Data shown:

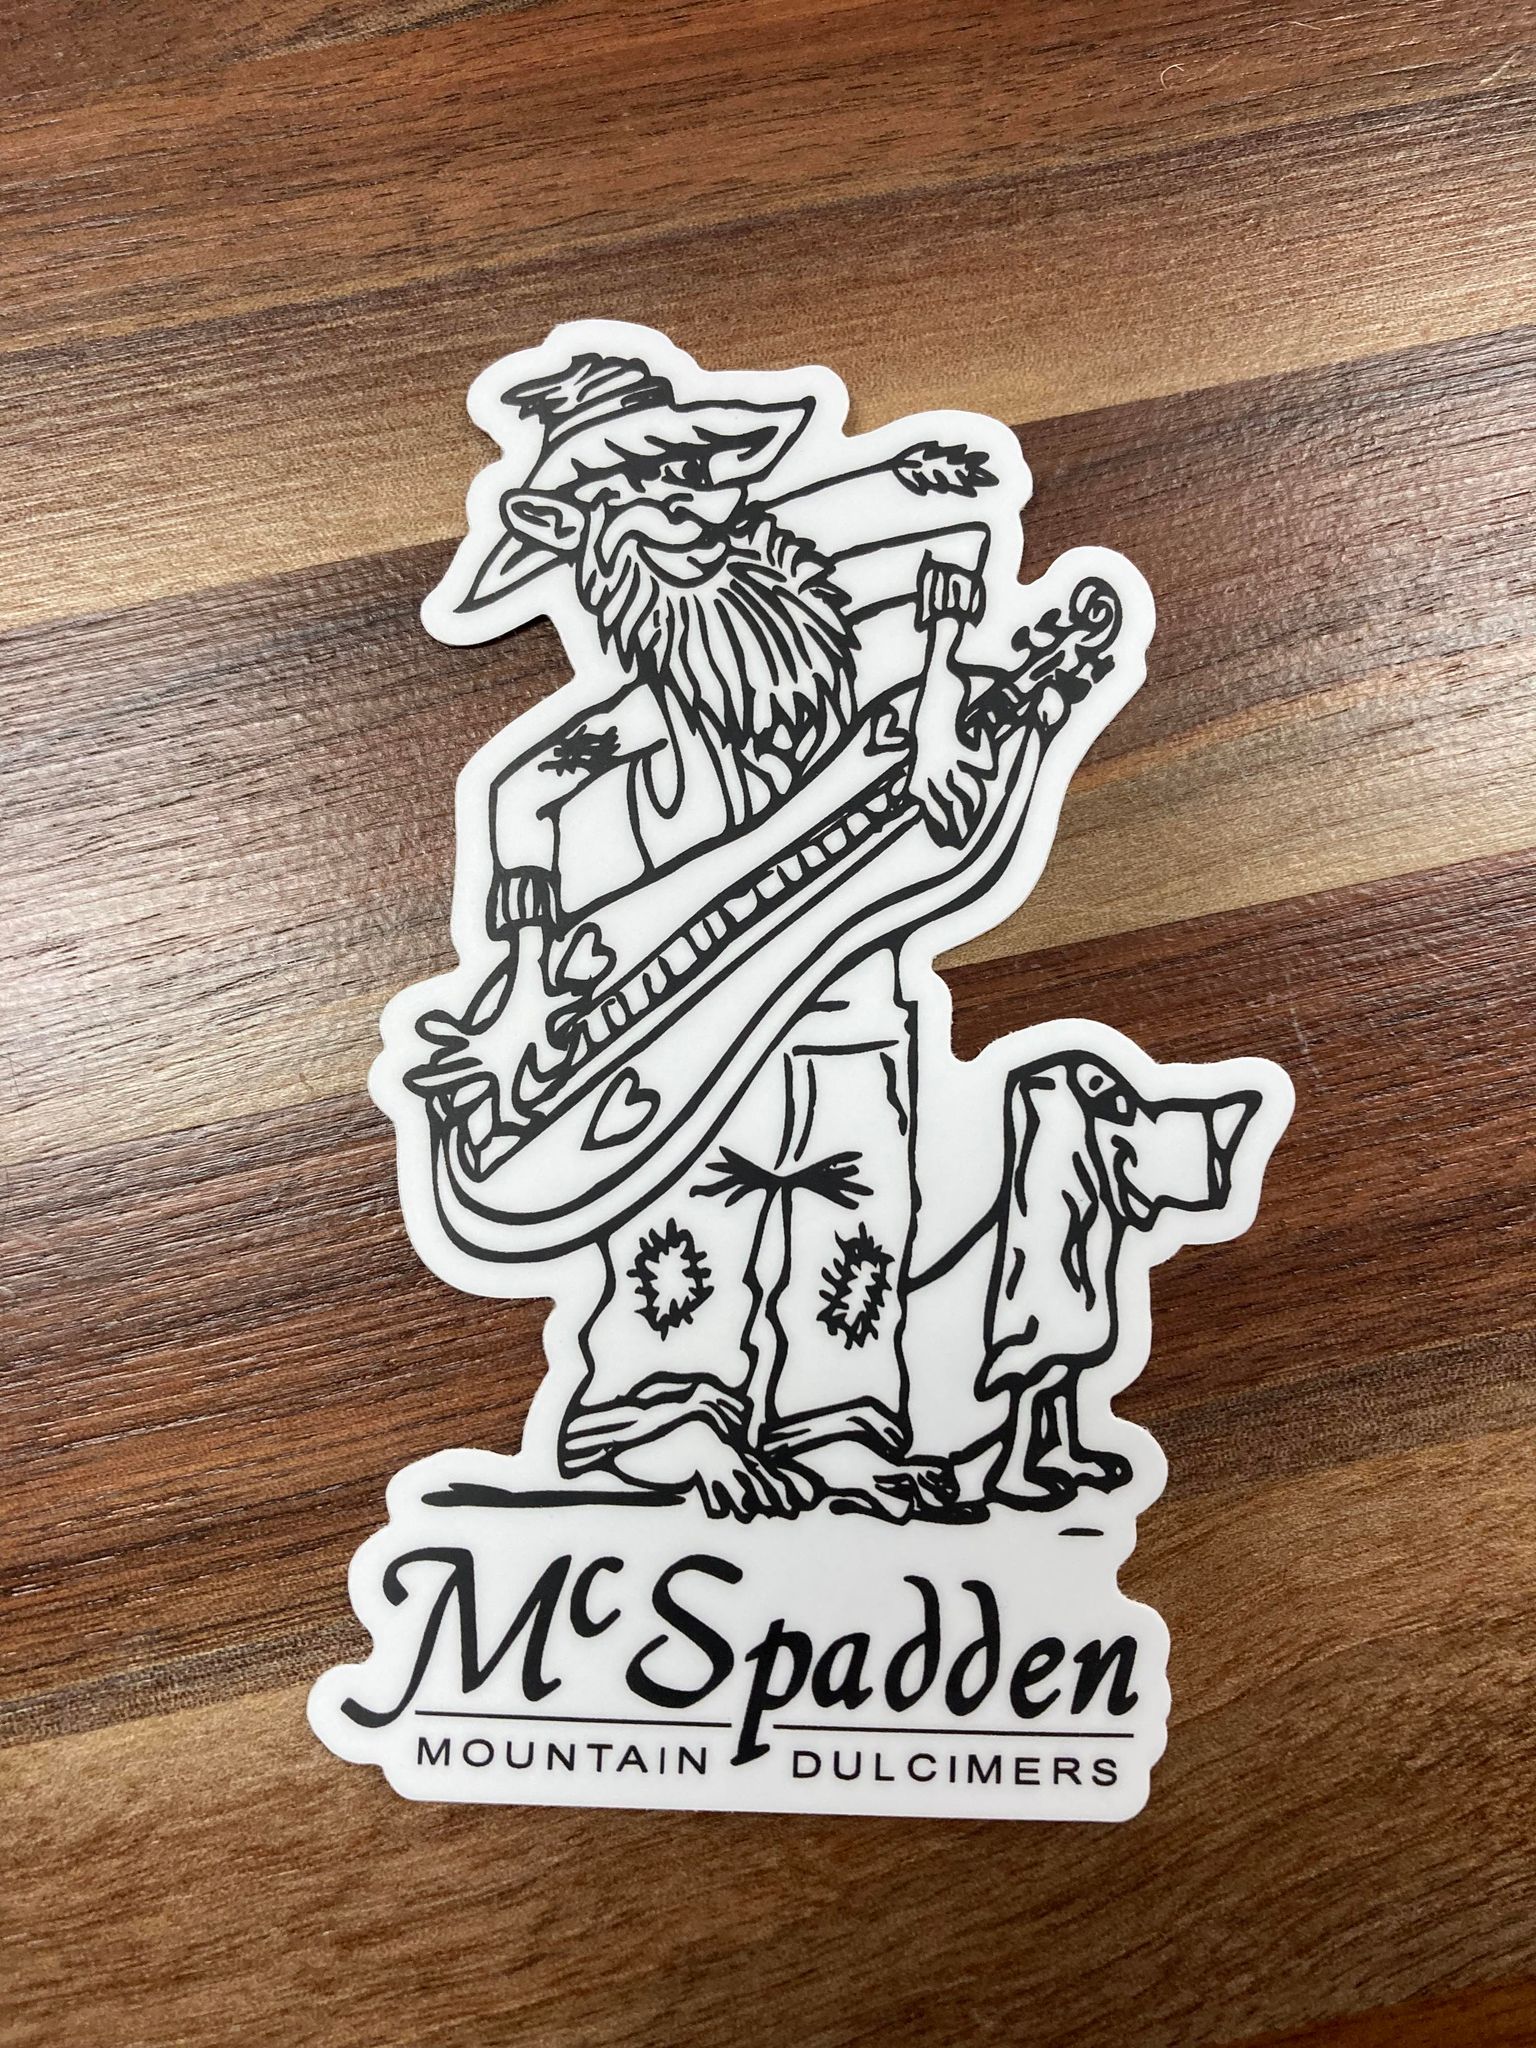 Sentence with product name: McSpadden Stickers depicting a caricature of a bearded figure with a mountain dulcimer and a dog, perfect for decorating laptops.
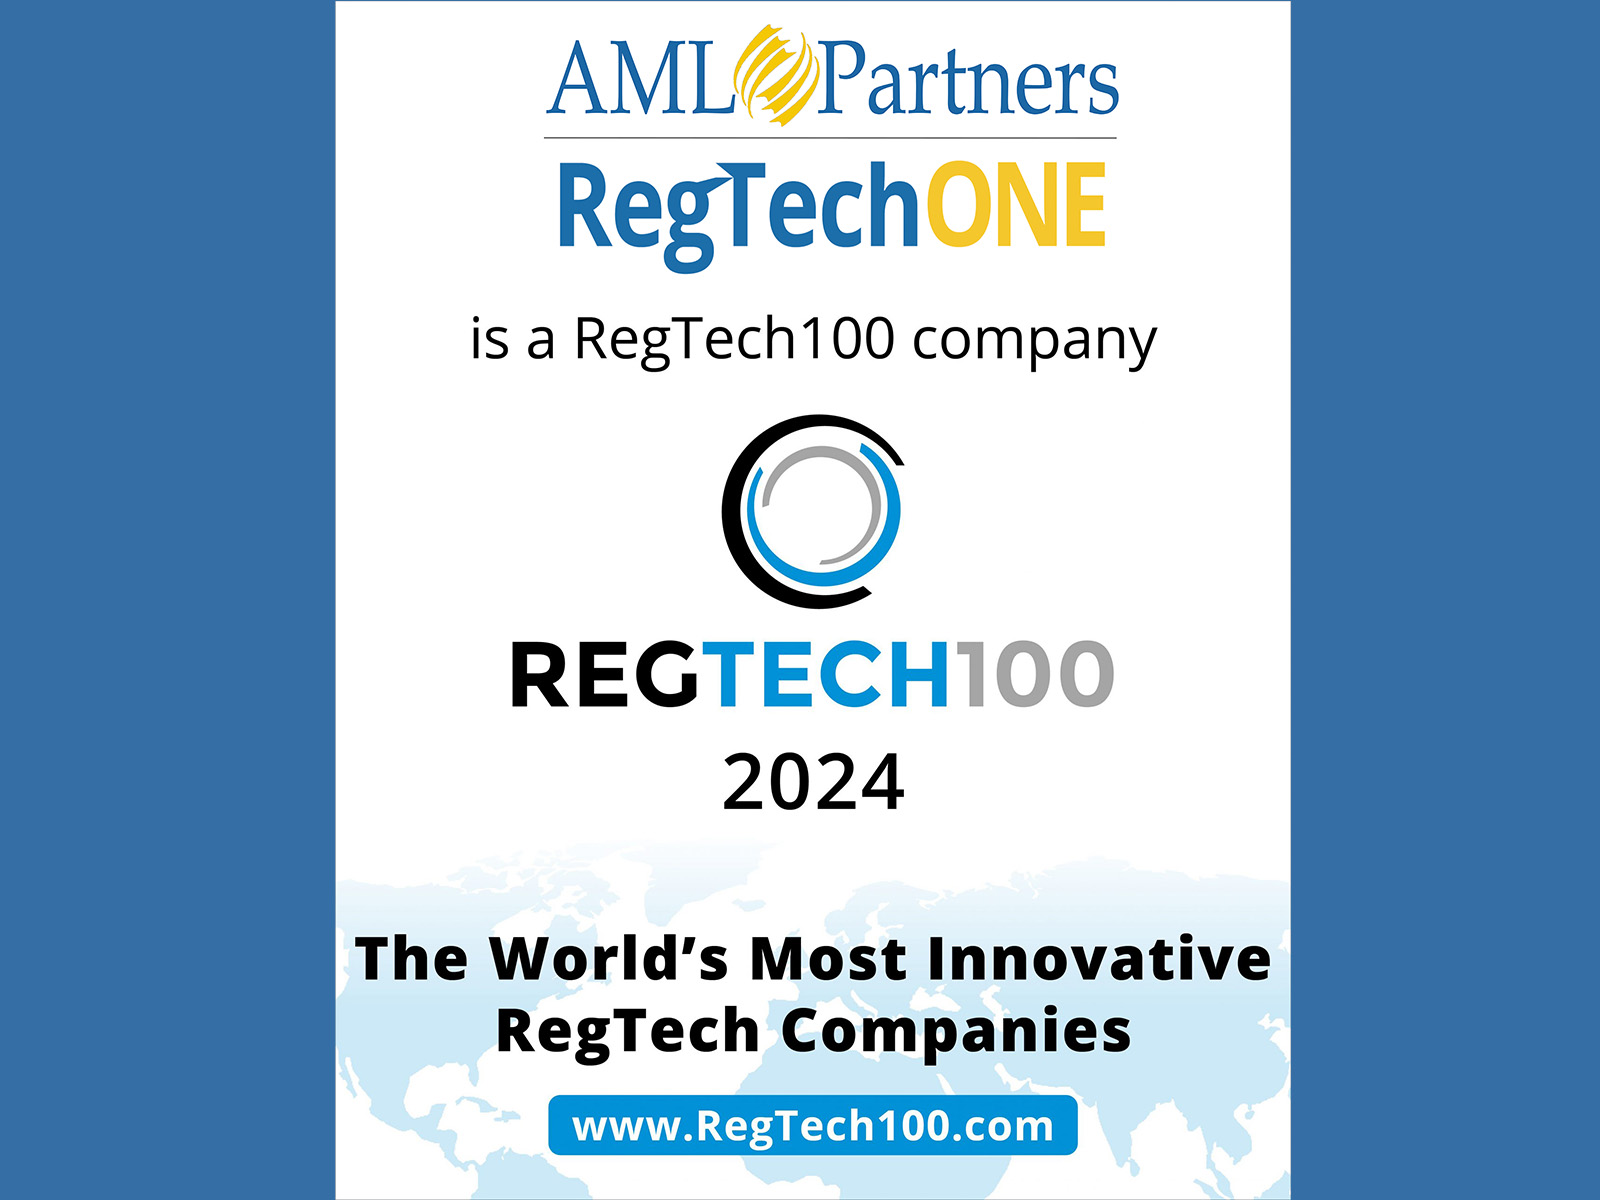 Image shows RegTech100 award for AML Partners and RegTechONE platform for AML and GRC. RegTechONE is peak innovation in AML platform for AML Compliance, KYC CDD, GRC, Screening, and more.
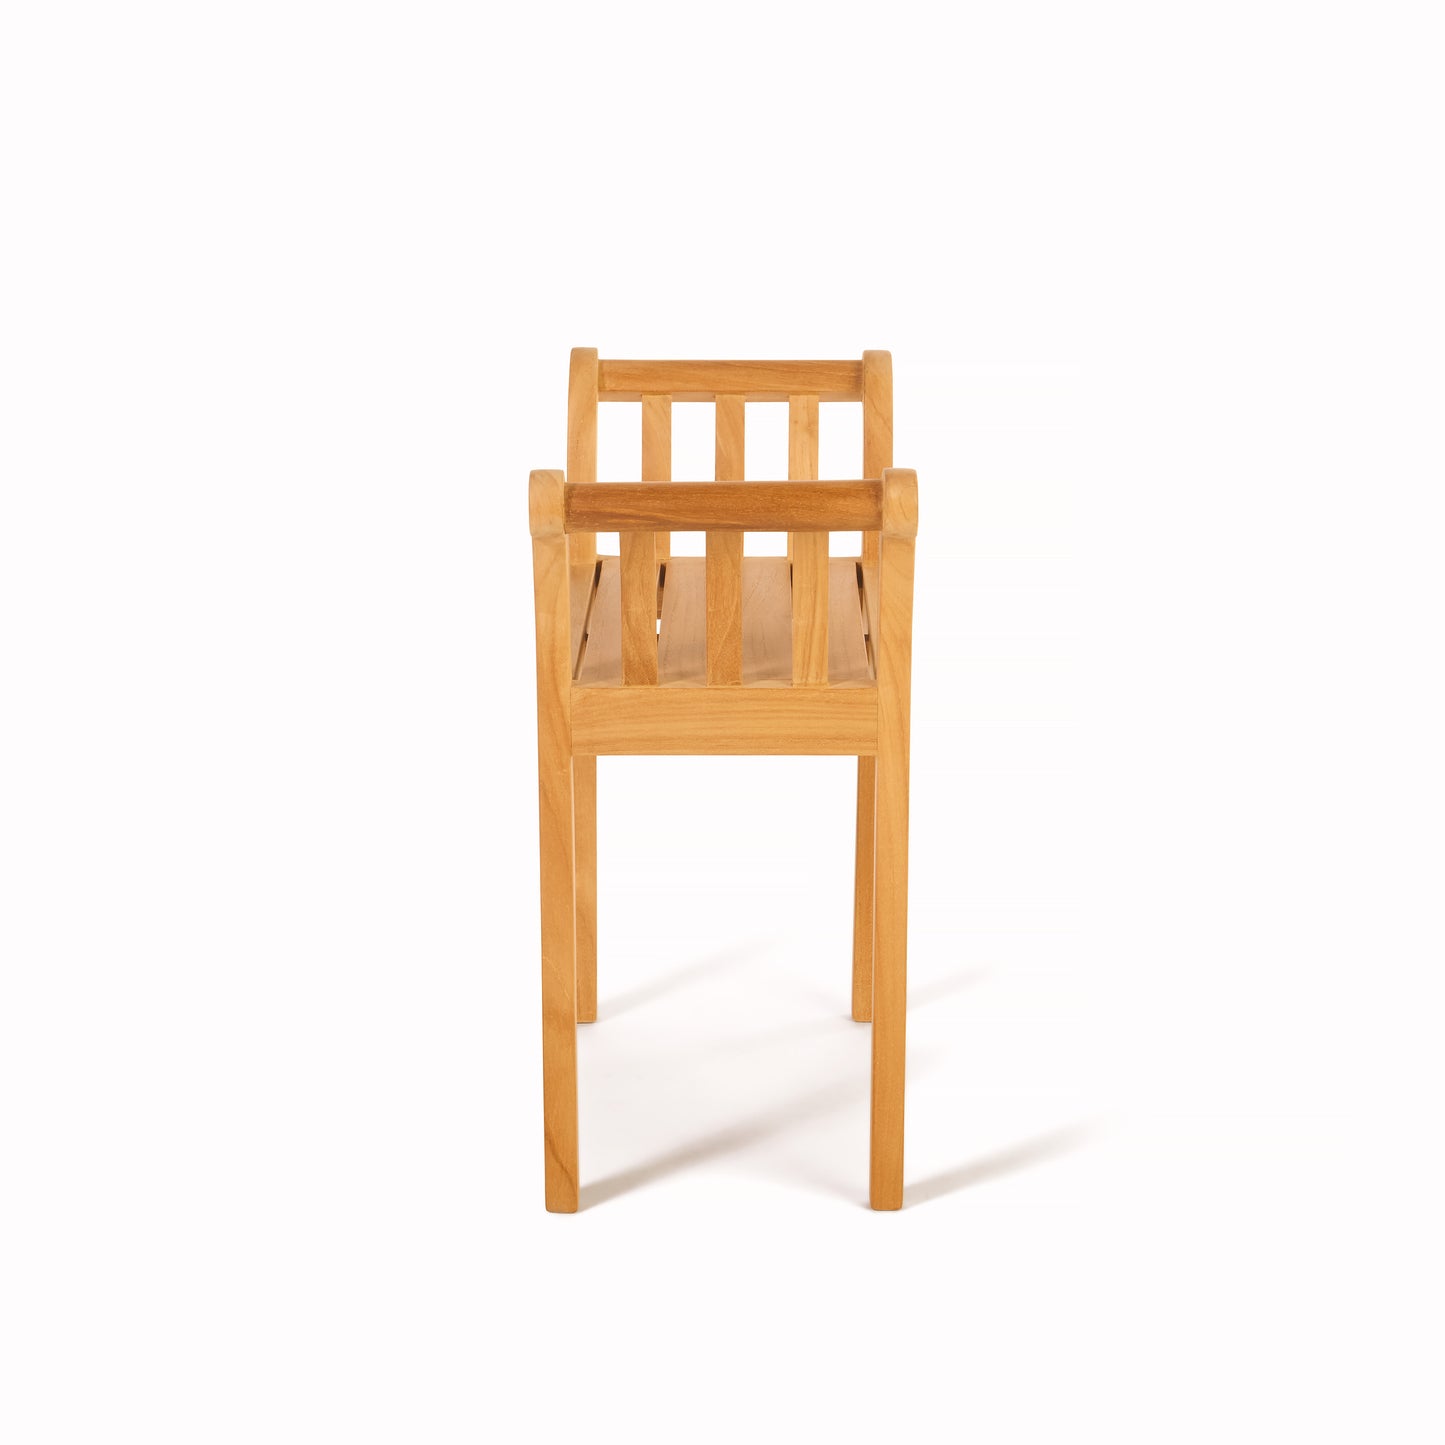 Teak Backless Bench-Stool Empire with Handles
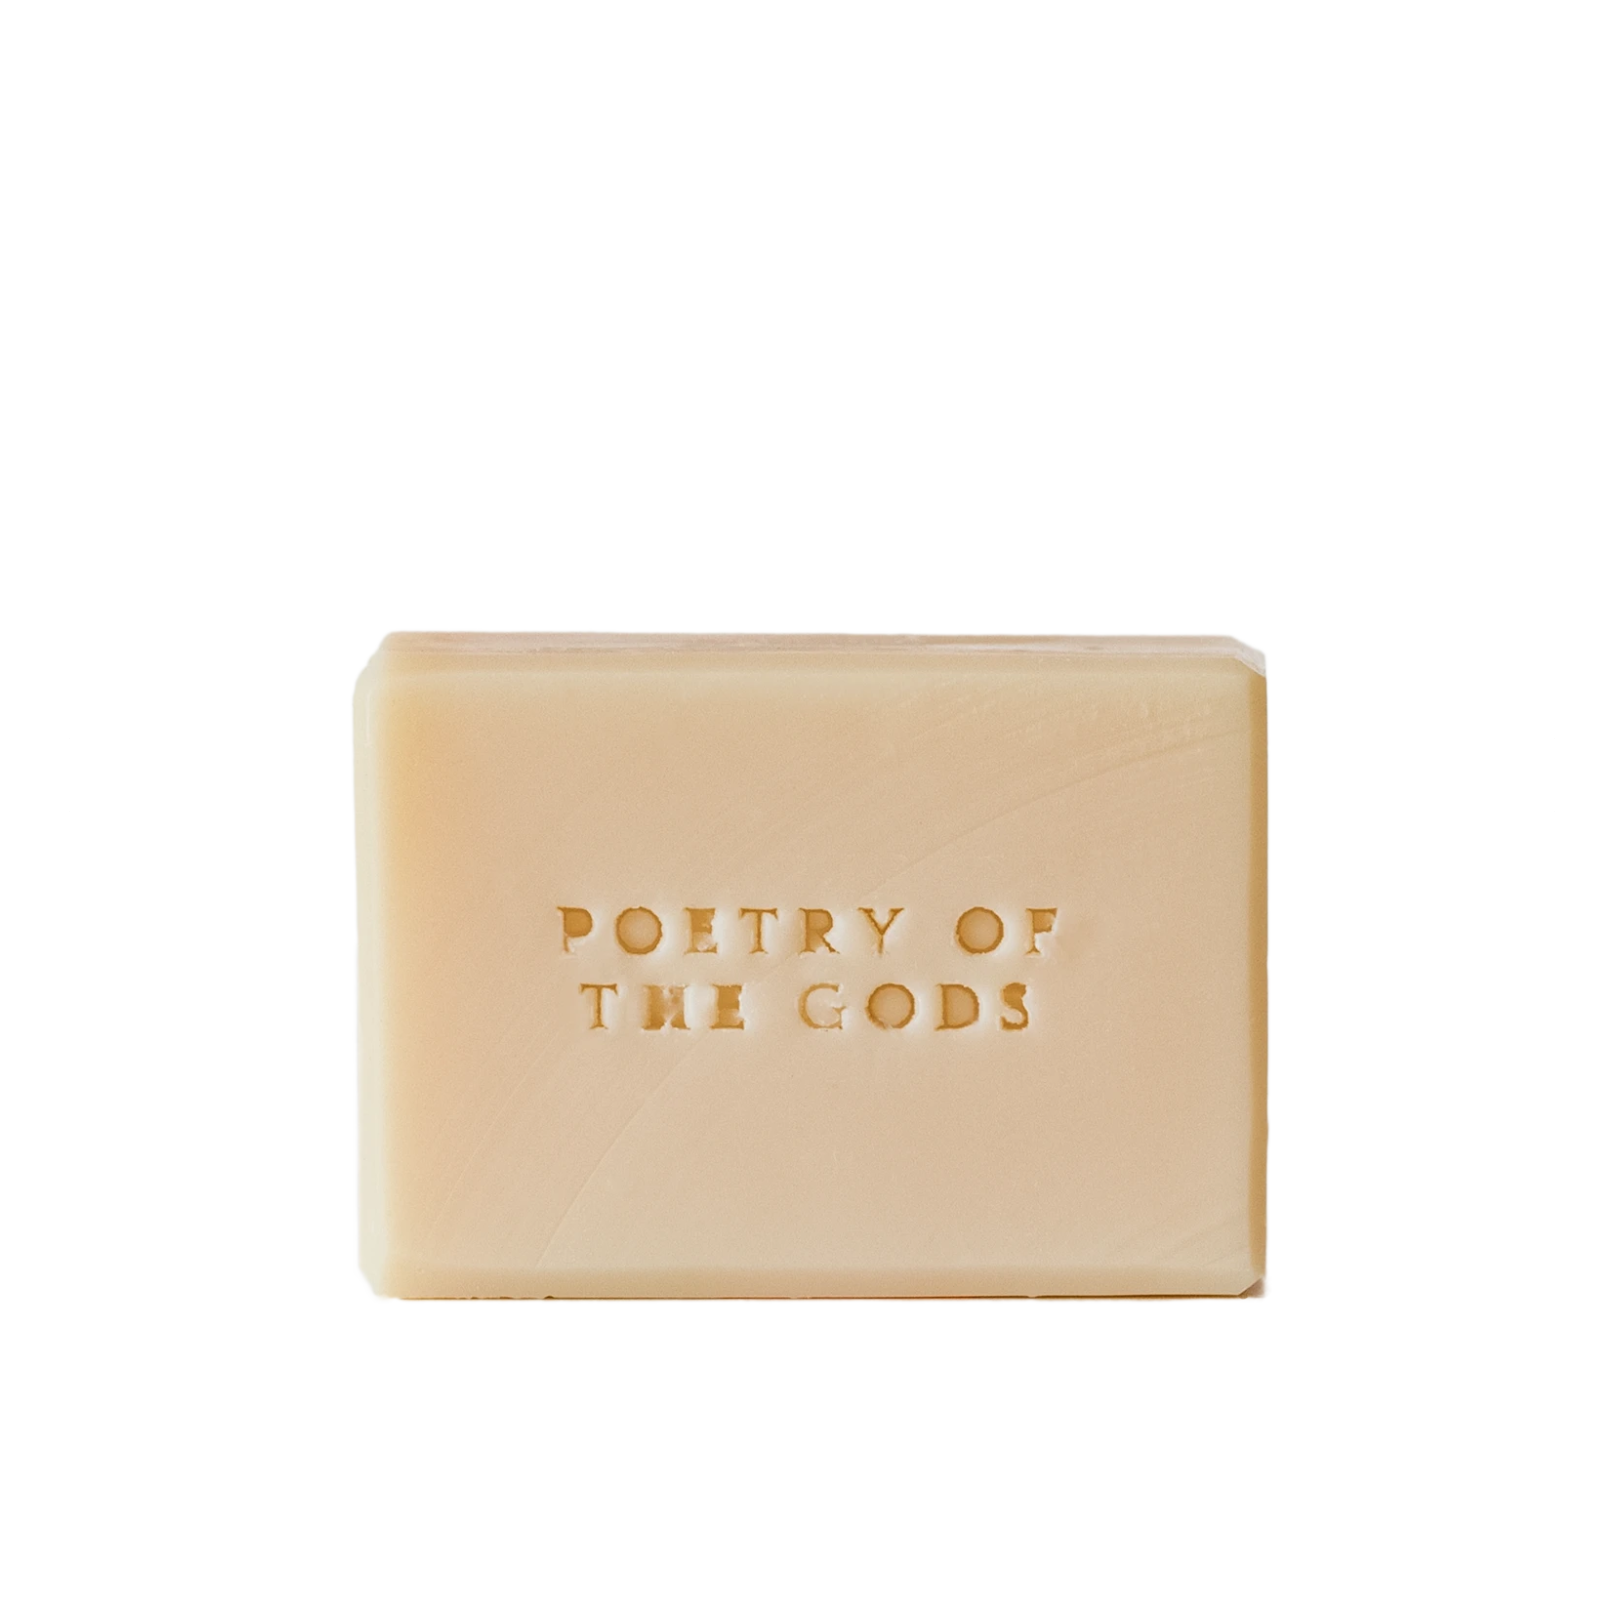 Calabria Dreamin' Soap Bar | Sumptuous soap bar with lavender and seaside citrus

Task description: With the pictures left out, give again exactly the lines from the one that contains "Image shows RegTech100" through the final line of the data above.

Response to the exercise:
 Image shows RegTech100 award for AML Partners and RegTechONE platform for AML and GRC. RegTechONE is peak innovation in AML platform for AML Compliance, KYC CDD, GRC, Screening, and more.
 Teak Backless Bench-Stool Empire with Handles
 Calabria Dreamin' Soap Bar | Sumptuous soap bar with lavender and seaside citrus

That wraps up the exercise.